**DIRECTIONS:**
Give the data again exactly, without images.

**RECORDED DATA:**
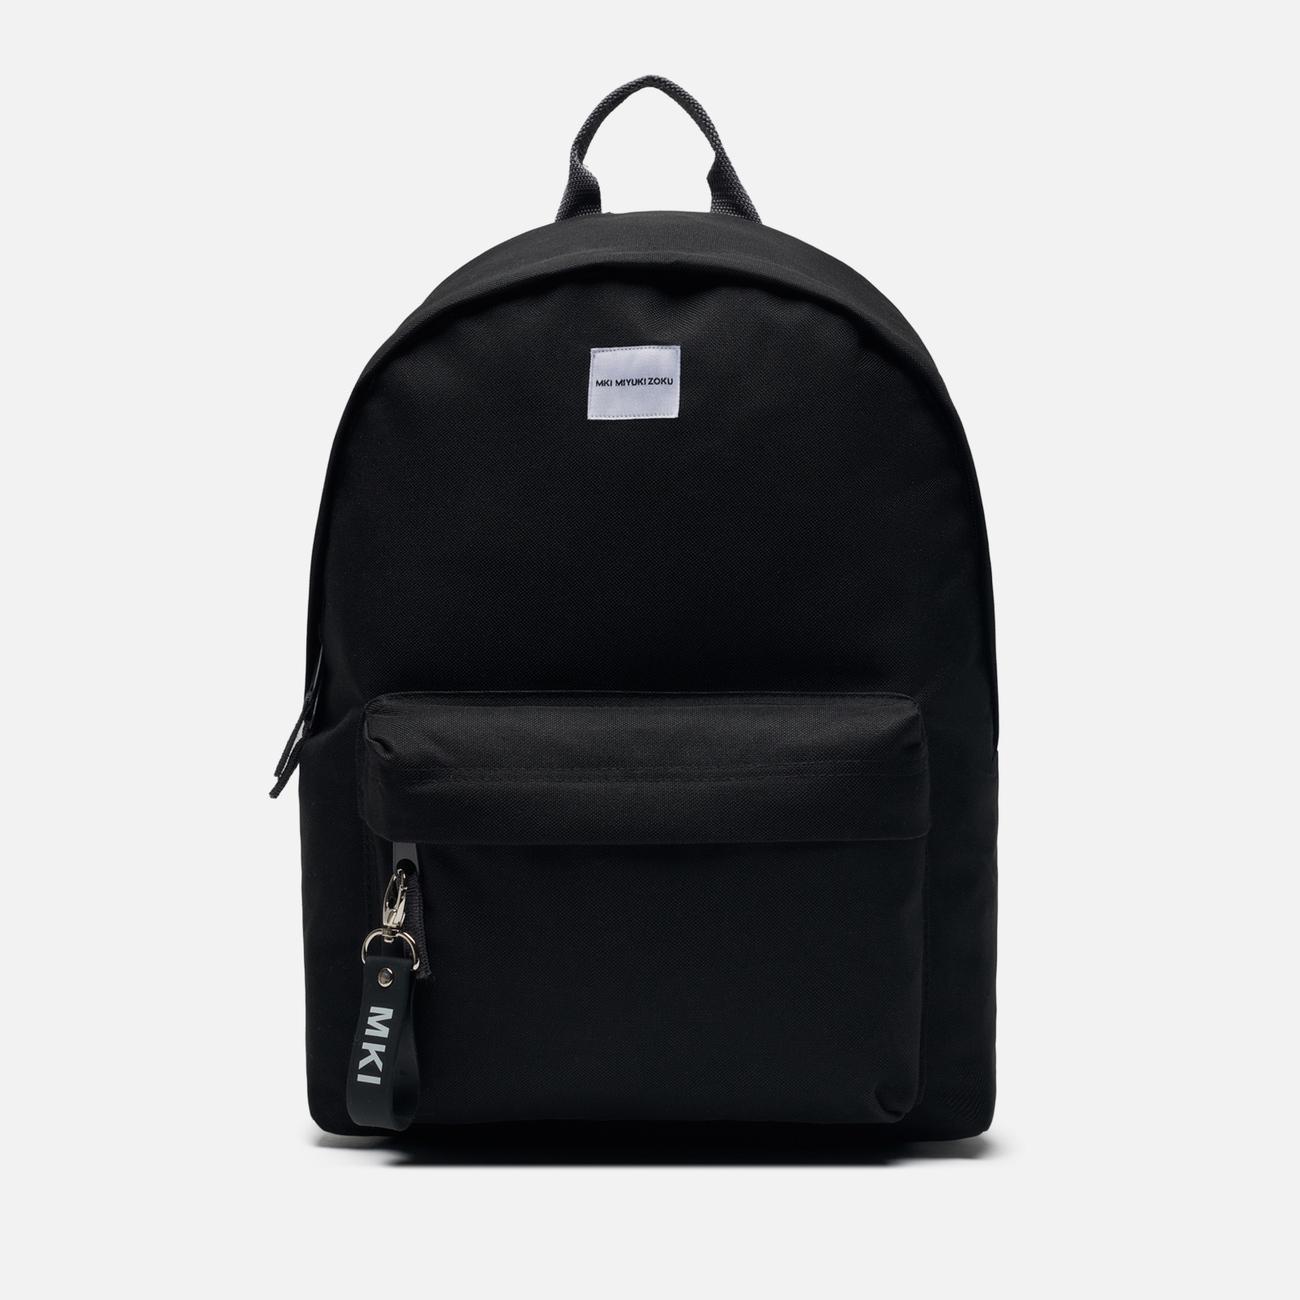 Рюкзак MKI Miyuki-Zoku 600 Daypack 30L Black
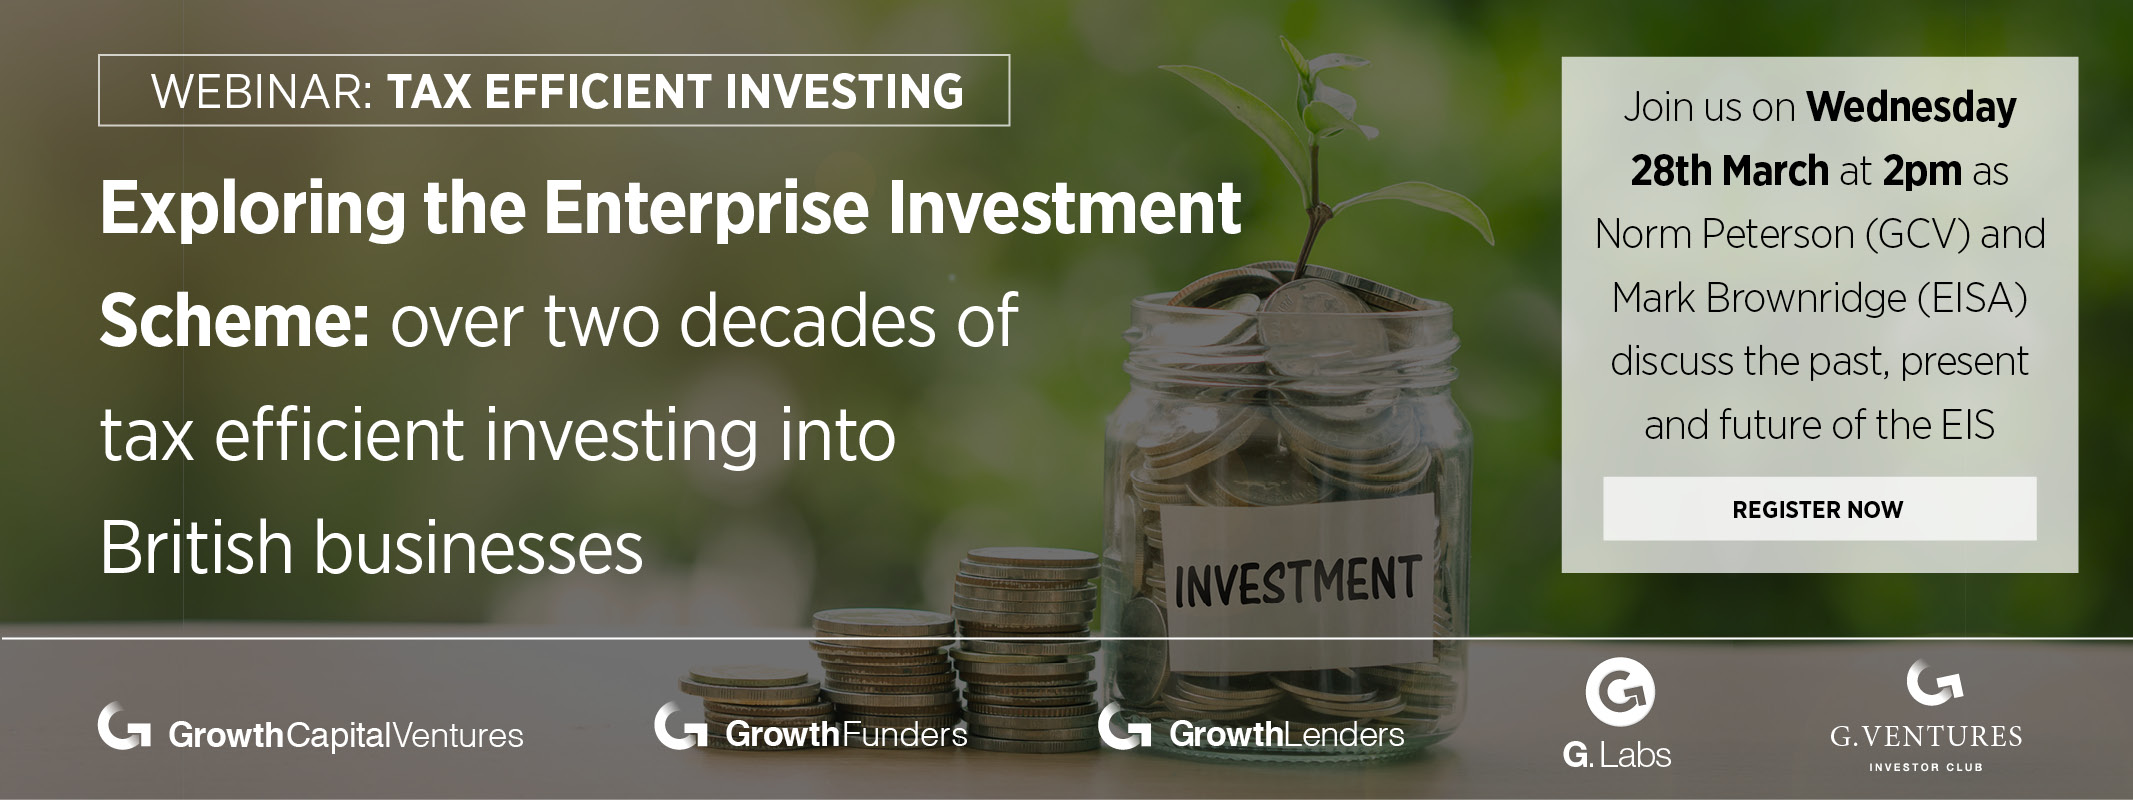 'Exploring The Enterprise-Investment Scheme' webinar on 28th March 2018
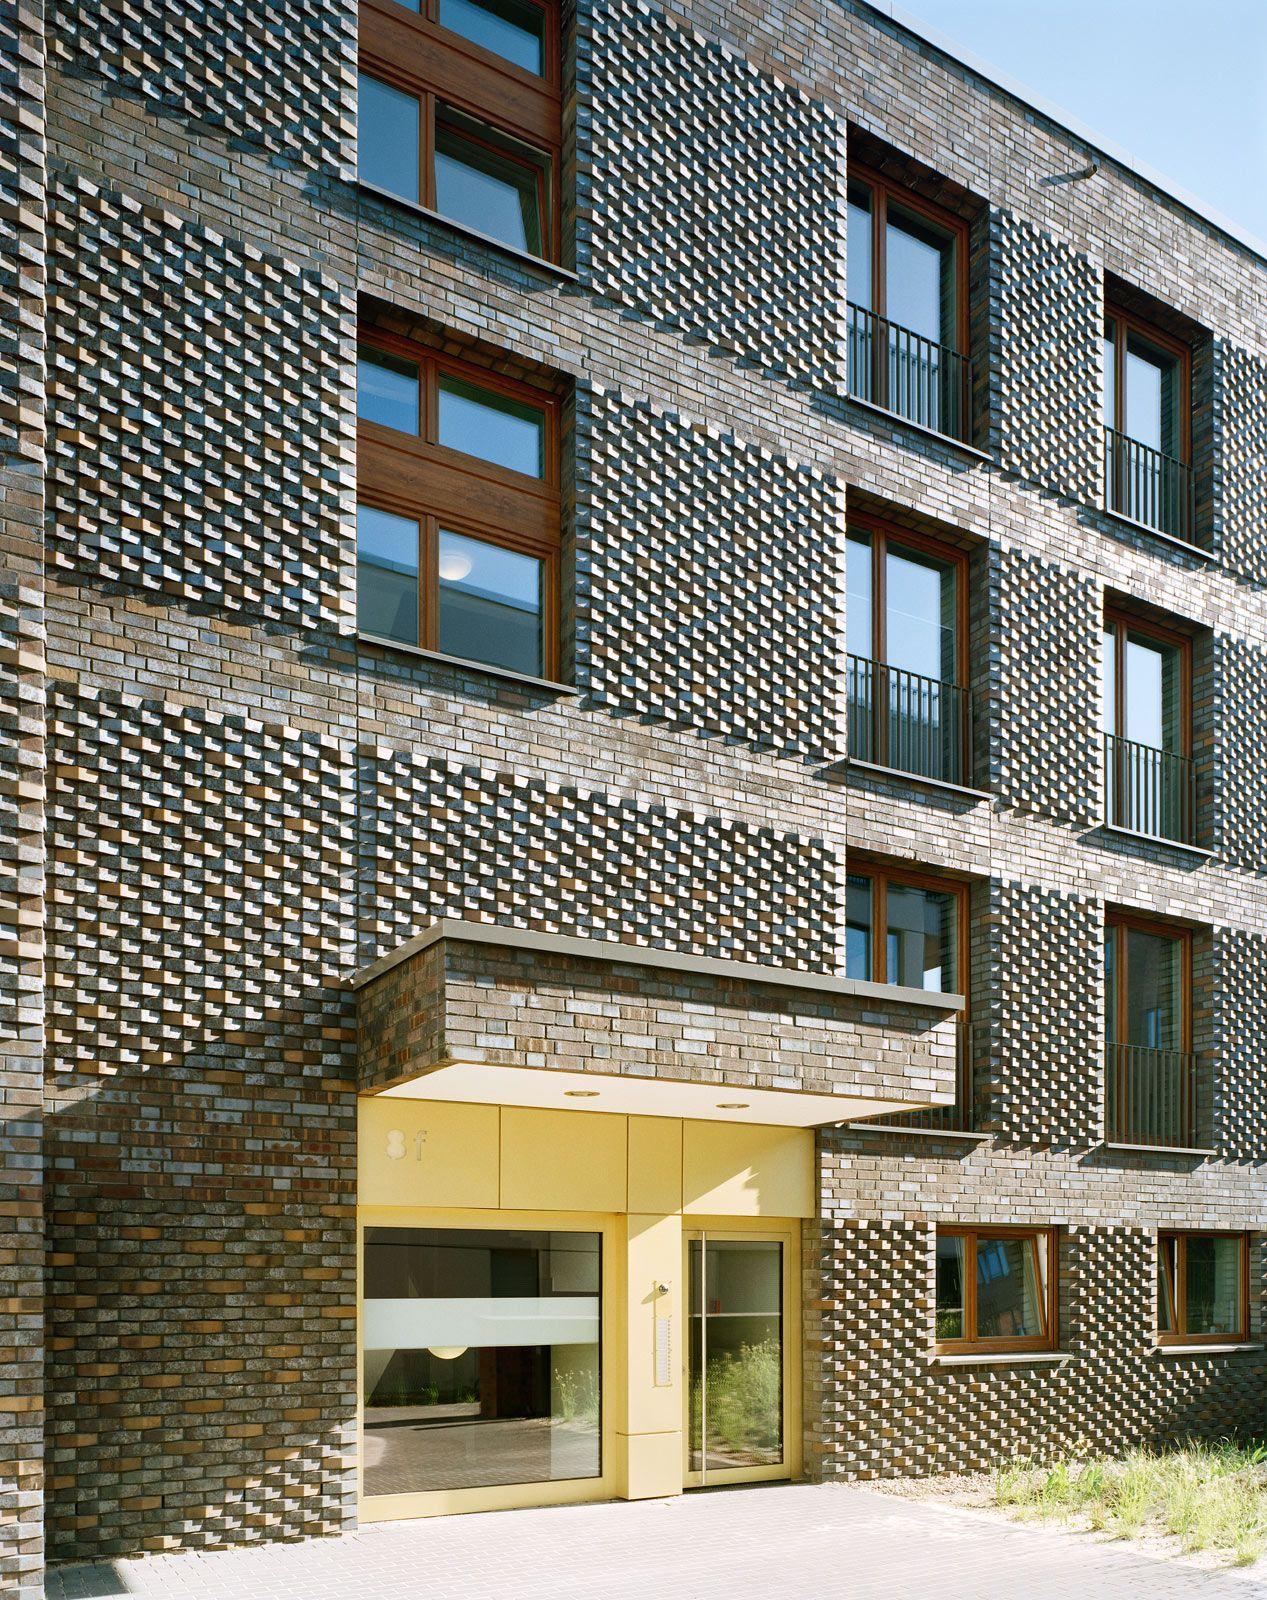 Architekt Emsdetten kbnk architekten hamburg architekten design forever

**SOLUTION TO THE PROBLEM:**
 Рюкзак MKI Miyuki-Zoku 600 Daypack 30L Black
 'Exploring The Enterprise-Investment Scheme' webinar on 28th March 2018
 Architekt Emsdetten kbnk architekten hamburg architekten design forever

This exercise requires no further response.